Anand Classes provides reliable, exam-focused NCERT Solutions for Matrices Exercise 3.1 of Class 12 Math Chapter-3, helping students strengthen their fundamentals through clear explanations and step-by-step solutions. These well-structured notes are designed to support CBSE board exam preparation and enhance conceptual understanding with accuracy and simplicity. Ideal for students aiming for high marks, this Matrices Exercise 3.1 PDF ensures complete clarity for all important topics and formulas.

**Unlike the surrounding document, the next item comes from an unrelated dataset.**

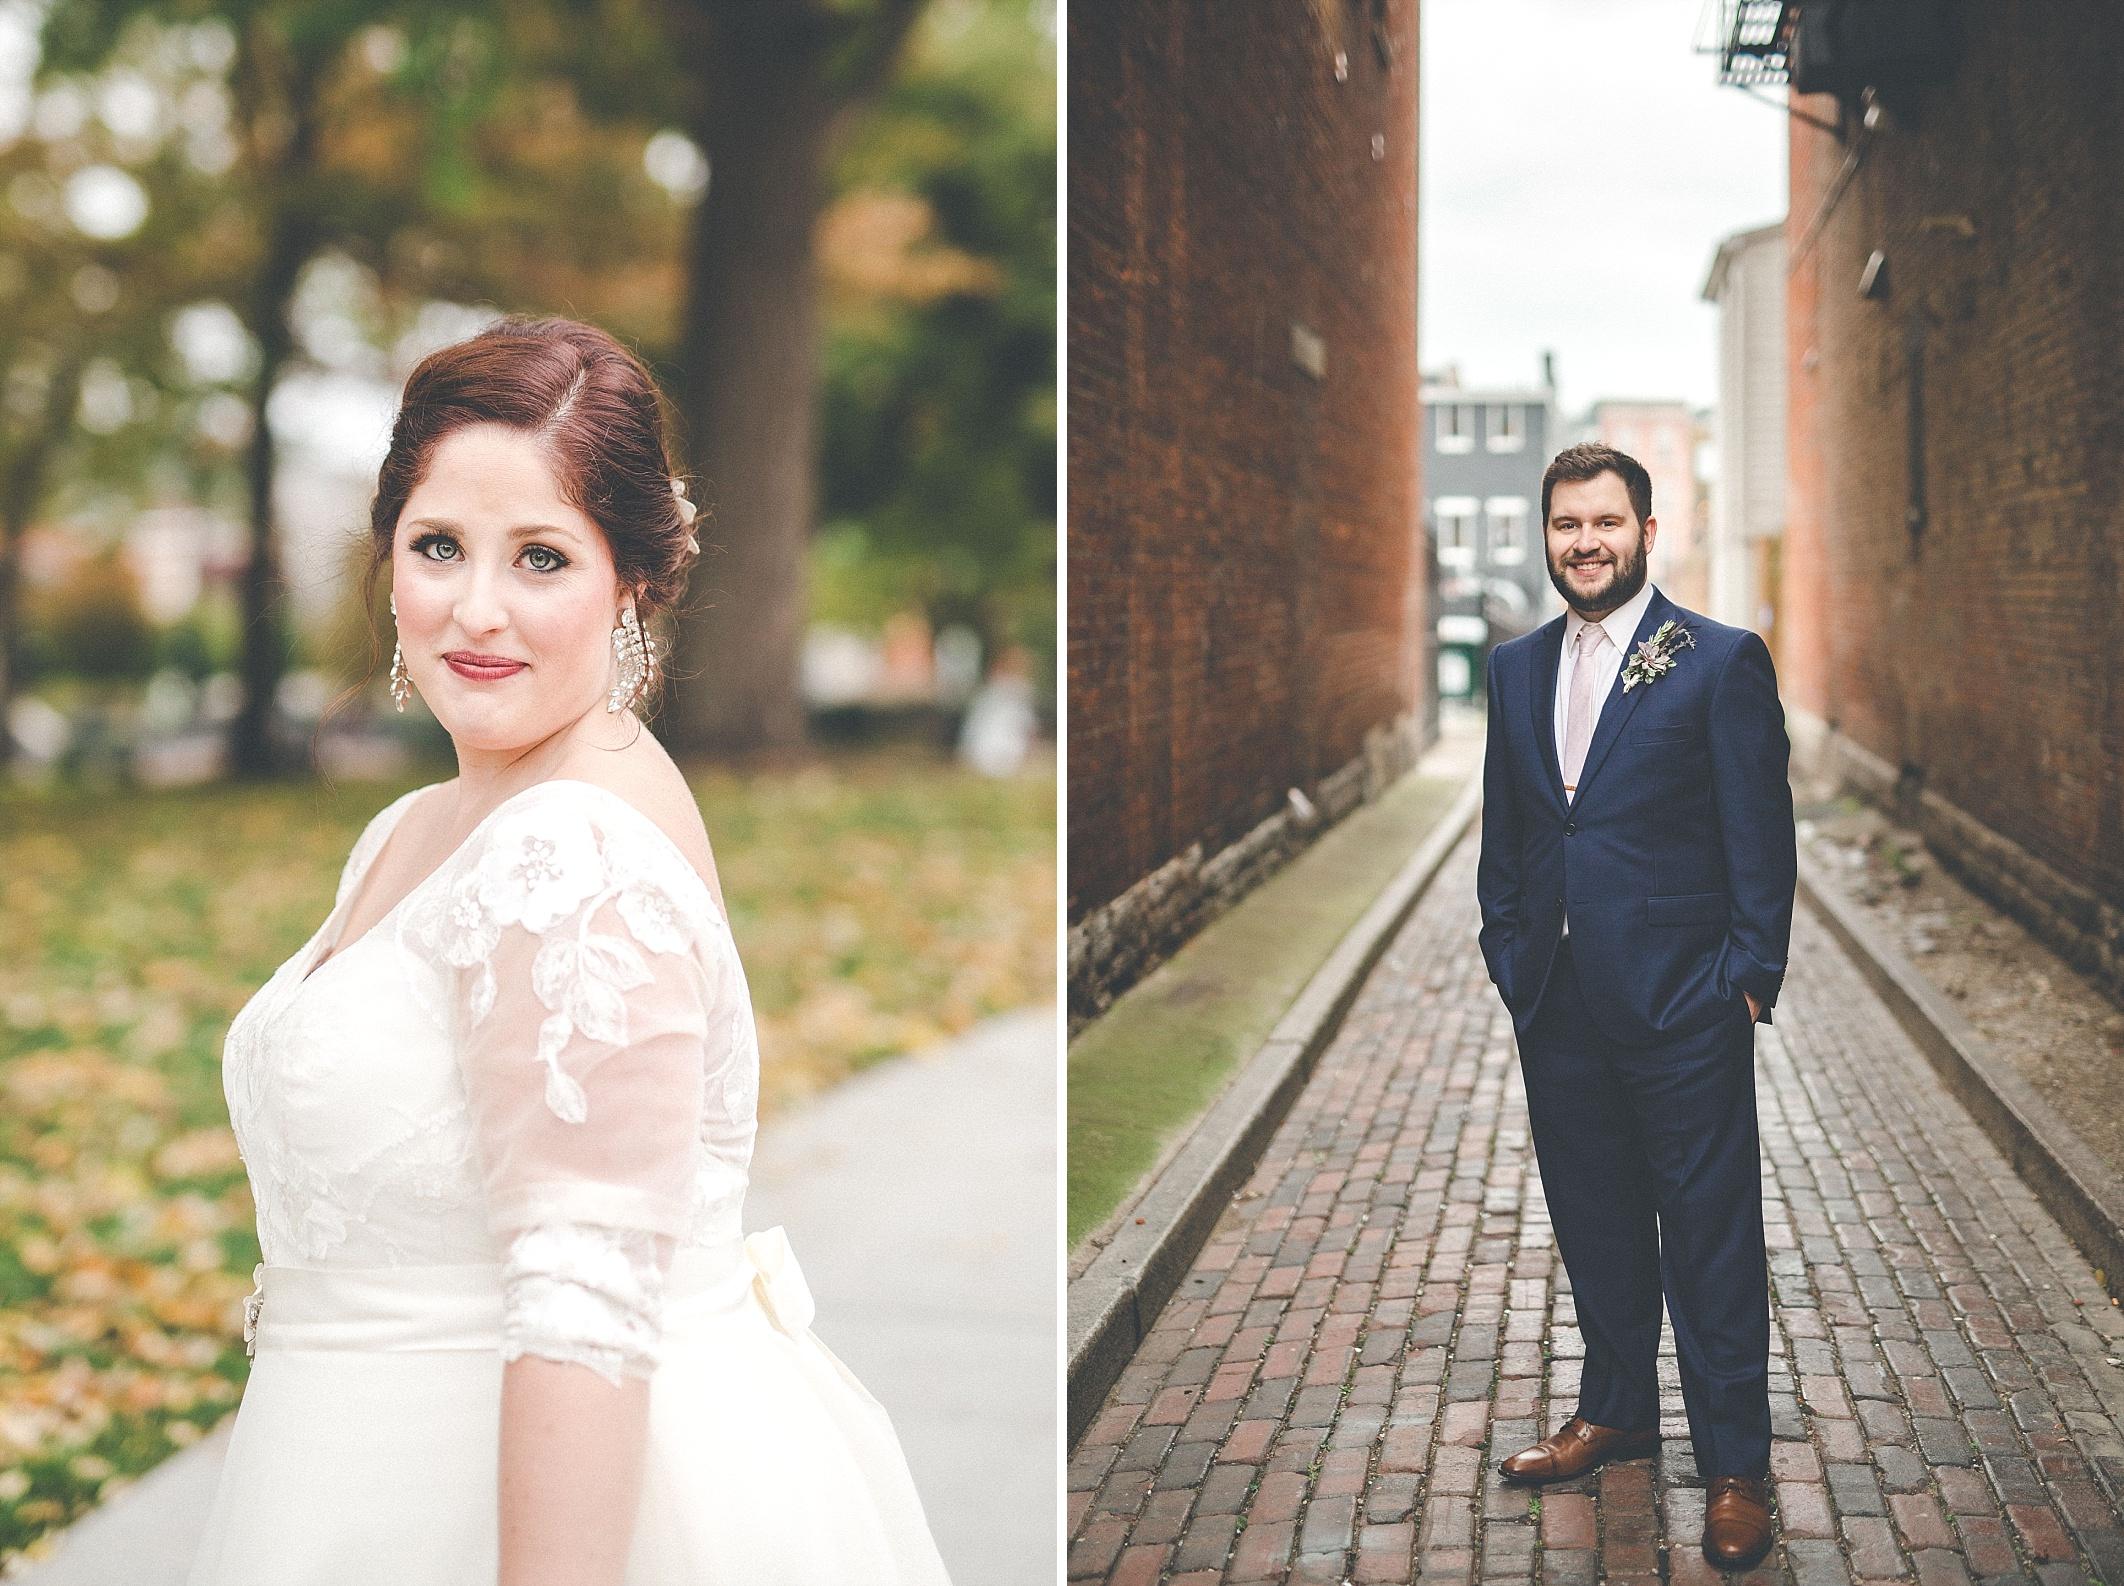 hilary-aaron-cincinnati-trancept-wedding-photographer-dayton-ohio_0025.jpg

Click the print button to download study material and notes.
NCERT Question.6 (i) : Find the values of $x$, $y$, and $z$ from the equation of matrices:
$$
\begin{bmatrix}
4 & 3\\
x & 5
\end{bmatrix}=
\begin{bmatrix}
y & z\\
1 & 5
\end{bmatrix}
$$
Solution :
When two matrices are equal, their corresponding entries are equal.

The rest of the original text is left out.